Weight loss of approximately 3-5% is recommended to achieve clinical benefits. Nevertheless, a high FODMAP diet has yet to be designed to limit excess fat and calorie consumption while ensuring a balanced intake of both micro- and macronutrients.
FODMAPs and glucose-lowering drugs
Many glucose-lowering drugs have been reported to alter the gut microbiota. Metformin, for example, alters gut microbiota and increases SCFA in plasma bile acid and fecal concentrations. Metformin has also been found to improve the abundance of Lactobacillus and other SCFA-producing bacteria.
Other herbal medicines such as berberine and acarbose are capable of modulating the gut microbiota to improve the abundance of beneficial bacteria. Thus, these drugs are analogous to FODMAPs and can be used as an alternative strategy for the prevention and treatment of diabetes.
The interactions between diet and the gut microbiome are complex. However, a symbiosis between the gut microbiota and host is important to prevent the development of metabolic diseases such as diabetes.
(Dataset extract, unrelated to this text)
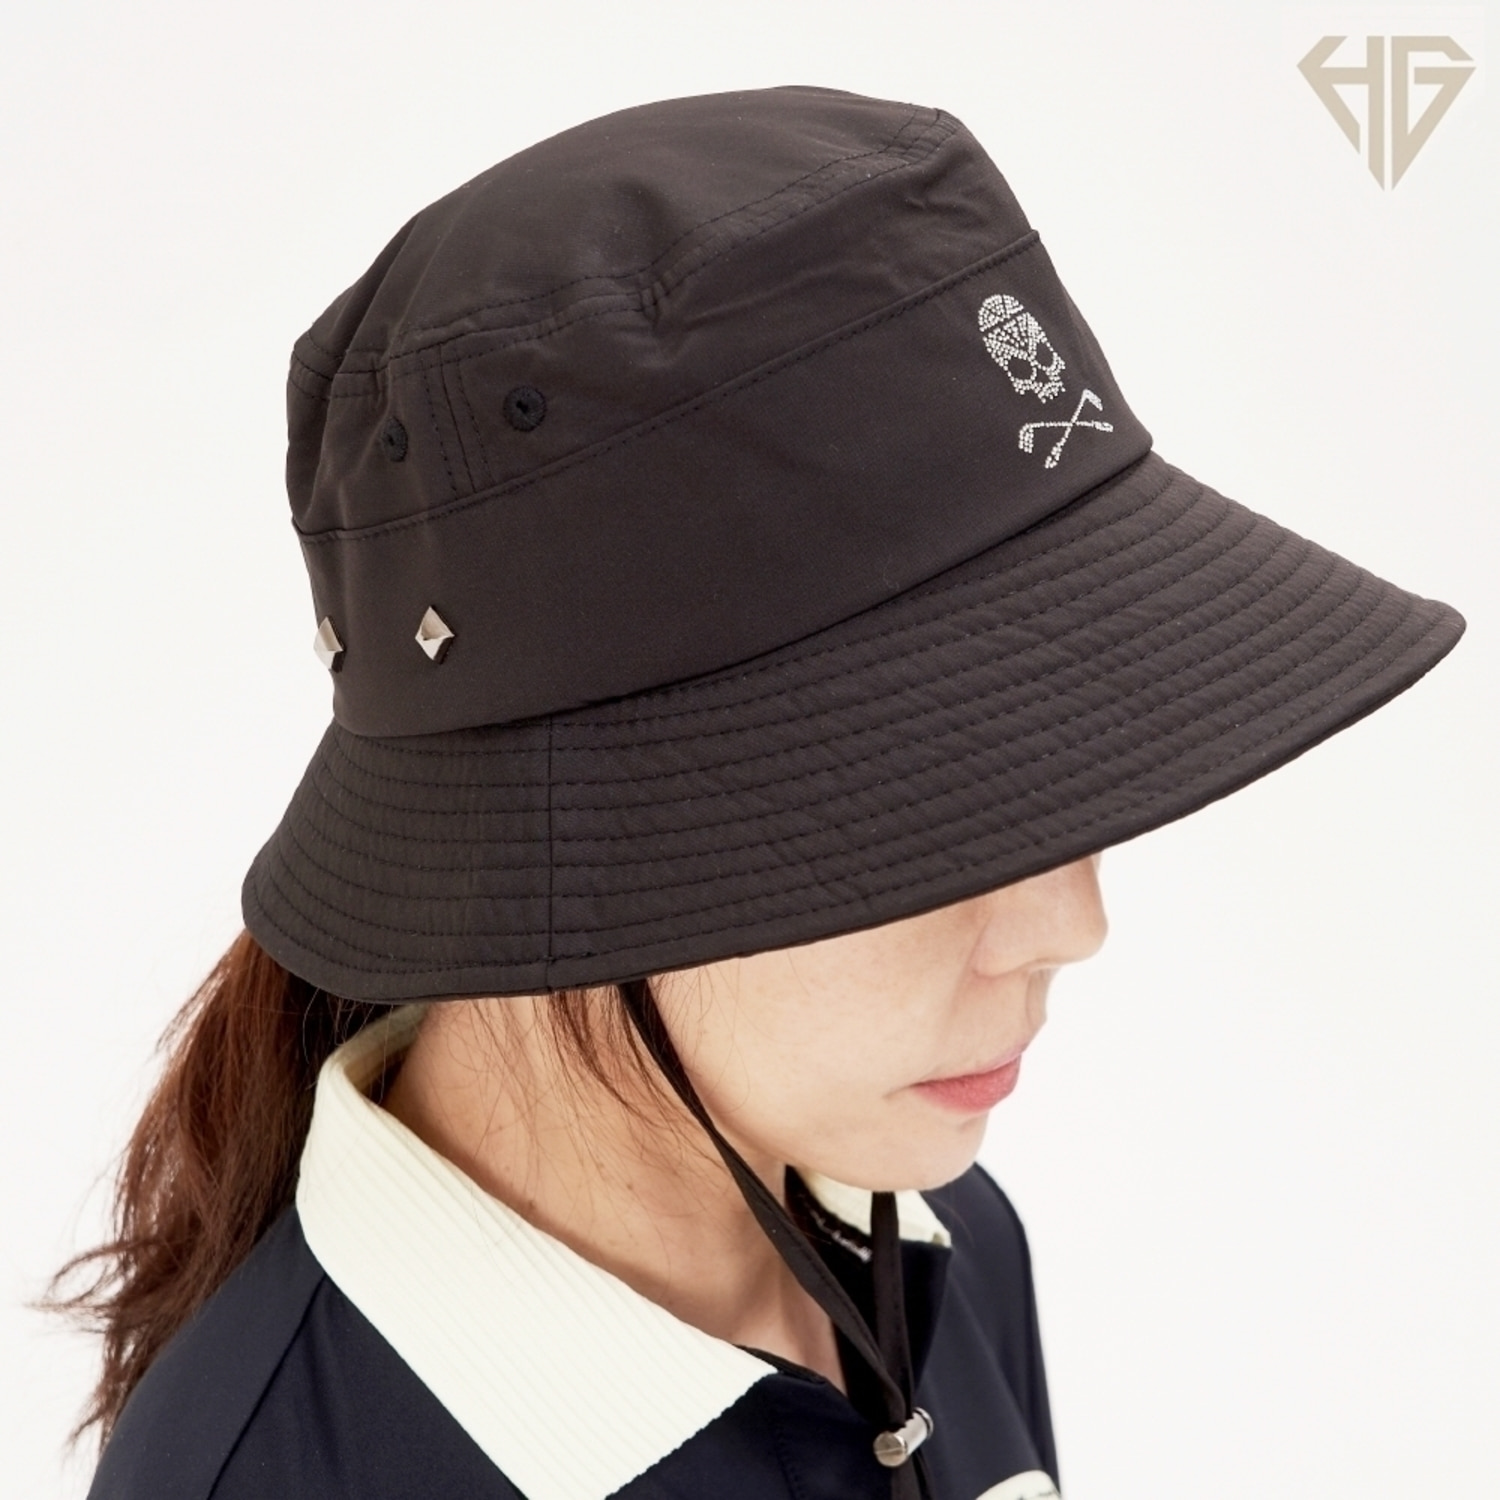 [HIP] 힙스타 여성 골프 벙거지 버킷햇 모자 보석 스컬 넓은챙 UV차단 방수 캡 HIP105

Recent research has determined that FODMAPs have a beneficial impact on metabolic and gut health. Nevertheless, it is important to adjust the intake of FODMAPs to ensure that these dietary components provide the maximum health benefits for each individual.
Little remains known regarding the role of FODMAPs in the treatment and prevention of T2D. Therefore, more interventional and systematic observational studies are needed to devise a dietary strategy for people with or at risk of developing T2D.
- Chu, N., Chan, J. C. N., & Chow, E. (2022). A diet high in FODMAPs as a novel dietary strategy in diabetes? Clinical Nutrition. doi:10.1016/j.clnu.2022.07.036.